Mr. Glenn presses harder on the gas and runs over every pothole. Miss Linda reaches for the grab handle and discovers that a predecessor yanked it off the hinge. Her phone rings and when she answers, Mark shouts, “Ma, where are you?”

“None of your concern,” Miss Linda says. “I’ll be home later.”

“Don’t get in a car with Glenn.”

“We fine, baby. Really.”

But Mark screams in her ear, and Mr. Glenn studies her face for any signs of doubt, telling her, “I got Crown. Nice records. We having fun, baby.” Another car barrels towards them. She screams, “Mr. Glenn,” and he swerves into parked cars. Steel scrapes and burns. His tires yowl. Glass shatters like confetti. The airbags plop her in the face, and the car horns blare. She feels stunned, like she’s just entered her own surprise party, and must take a moment to gather her bearings. She hears her son’s voice underneath her seat and reaches for her phone, but she can’t hear a word past the blaring horn. People pour into their front lawns, and the car in front of them backs out of the block. Her chest is tight, and it feels like the horn is coming from her head. She wobbles out of the truck as Mr. Glenn cusses up a storm.

“This nigga tried to kill us,” he says, punching through his gear shift. His bumper is caught on a parked vehicle, which he drags as he tries to back out. The neighbors surround his truck. One reaches in the cab, to grab the keys out of the ignition, but Mr. Glen fights them off, cussing, “Fuck you,” at everyone. An older woman in a cheetah print bathrobe and bonnet grabs Miss Linda’s shoulders and ushers her to the sidewalk. “You alright, baby,” she says, or asks—Miss Linda can’t tell.
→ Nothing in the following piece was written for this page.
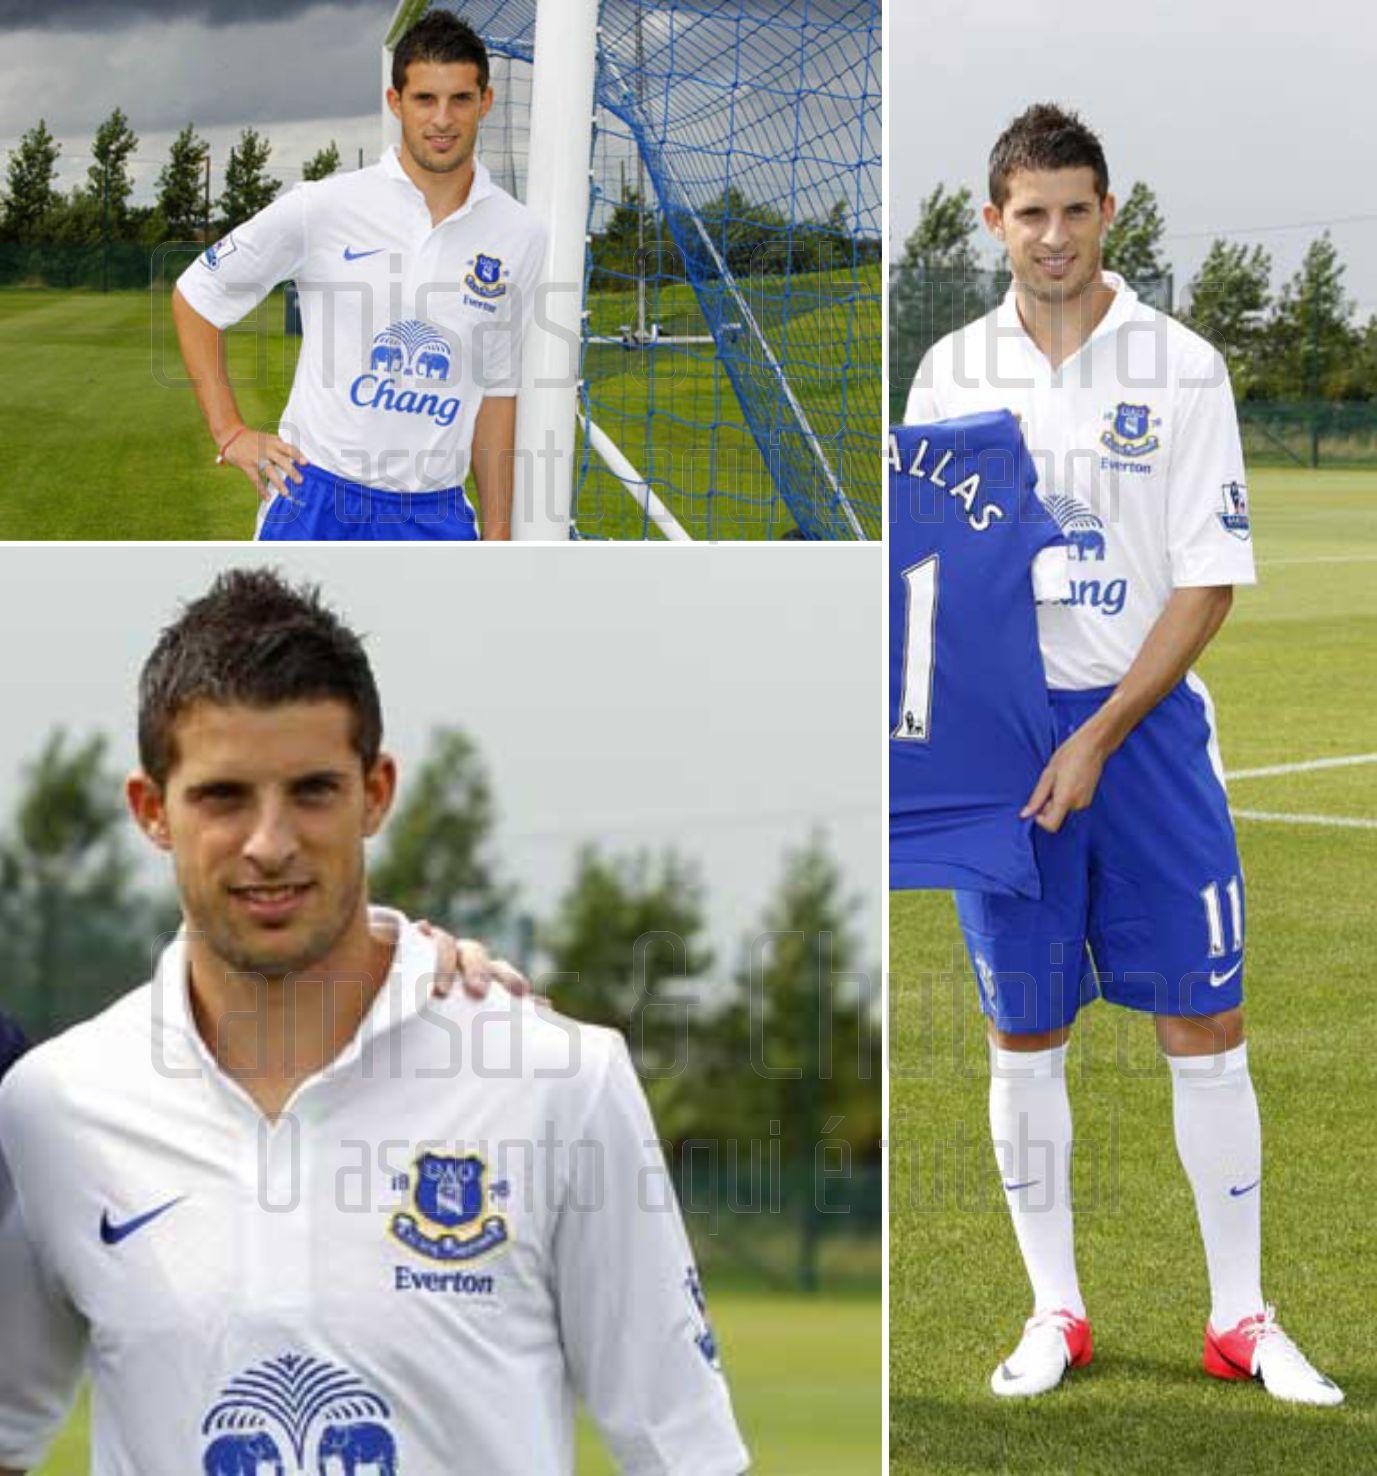 Everton 3e shirt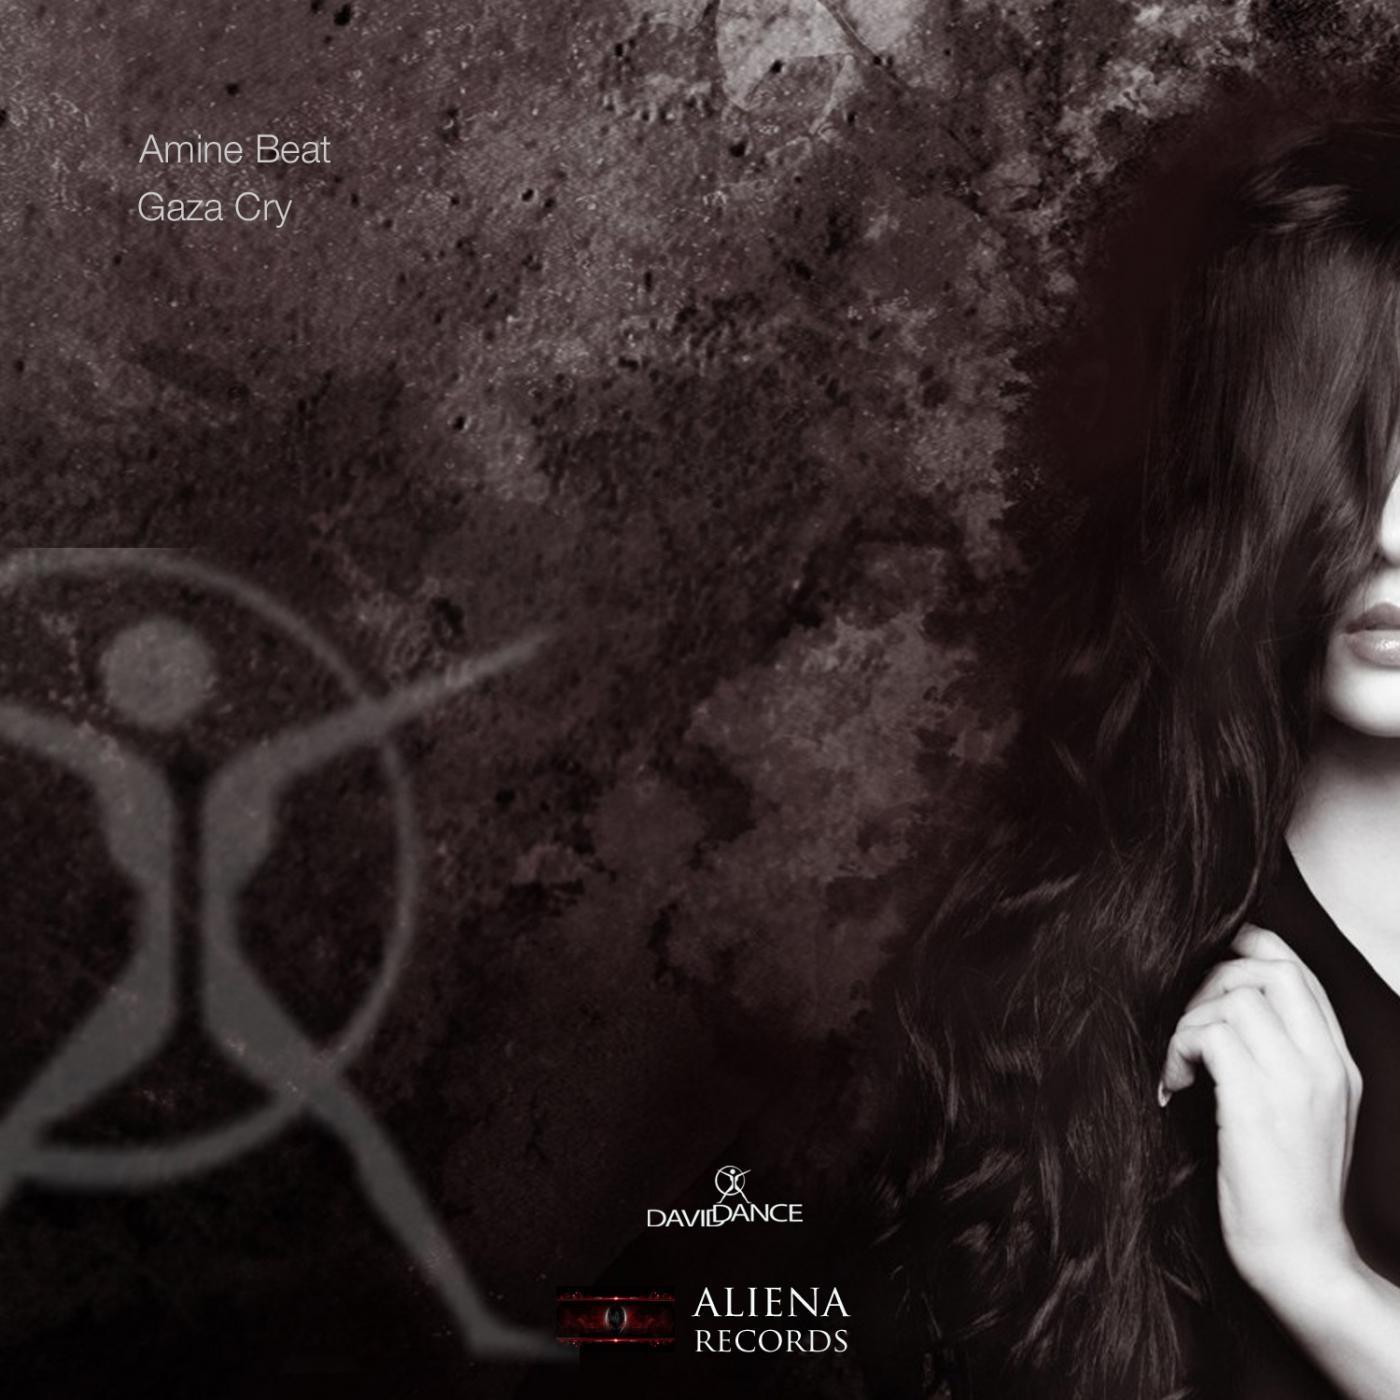 Amine Beat - Gaza Cry (Original mix)

She takes Miss Linda’s phone and says, “Operator. Operator,” and shouts her address.

 ***

MISS LINDA SITS in the backseat of a huge pickup truck. Mark and the man with dreads argue over the closest hospital. Her skull rattles and she remembers she left her doggy-bag at the bar. “My burrito, Mark,” she says. “We gotta go back.”

The man with dreads turns to her and says, “We’re going to the hospital. Remember?” He drives them over a drawbridge; Mark cusses as red lights flash and a traffic bar flies down in front of them. Miss Linda feels the gears crank underneath them as the truss extends to the sky. She mutters, “I hate rollercoasters.”

“We shouldn’t have gone this way,” Mark shouts.

The man with dreads says, “Sorry, baby,” and Mark shushes him. “Ambulances take forever to come. This is still best.”

Miss Linda notices packages under her feet with addresses in Mark’s handwriting. “What’s this?” she asks.

“More gowns,” Mark says. “We’re mailing them tomorrow.”

Miss Linda sighs and stares into the canal. There’s a barge with towering shipping containers that could be a whole story or two. The weight of the barge forces ripples through the canal and into the river. Miss Linda asks, “What do you think is in those?”

“Crap,” Mark says.

“Everything is crap to you.”

“Grandma’s clothes are going to good folks. They’ll love them. They’ll have to after all the money they spent.”

She struggles to keep her eyes open. She remembers her mother, who was good at dispensing secrets, claimed the deceased only truly die when the last person who knew them passes. This can be a shared life. A memory of their scent, laugh, or smile.

Mark squeezes her knee. “Don’t sleep, Ma.”

“Now you’re babying me,” Miss Linda says. “Would you look at that? We’re all babies. Just in bigger bodies.”

Miss Linda curls into herself. The red lights sink her into a dream. She’s svelte in her mother’s magnolia dress, standing in her mother’s house but the ceiling is higher, the bookshelves, wider. The dayroom fits more people than it can accommodate. Friendly faces. Faces she hasn’t seen in years. It smells like a hot day and olive oil. She tries not to stomp on the packages.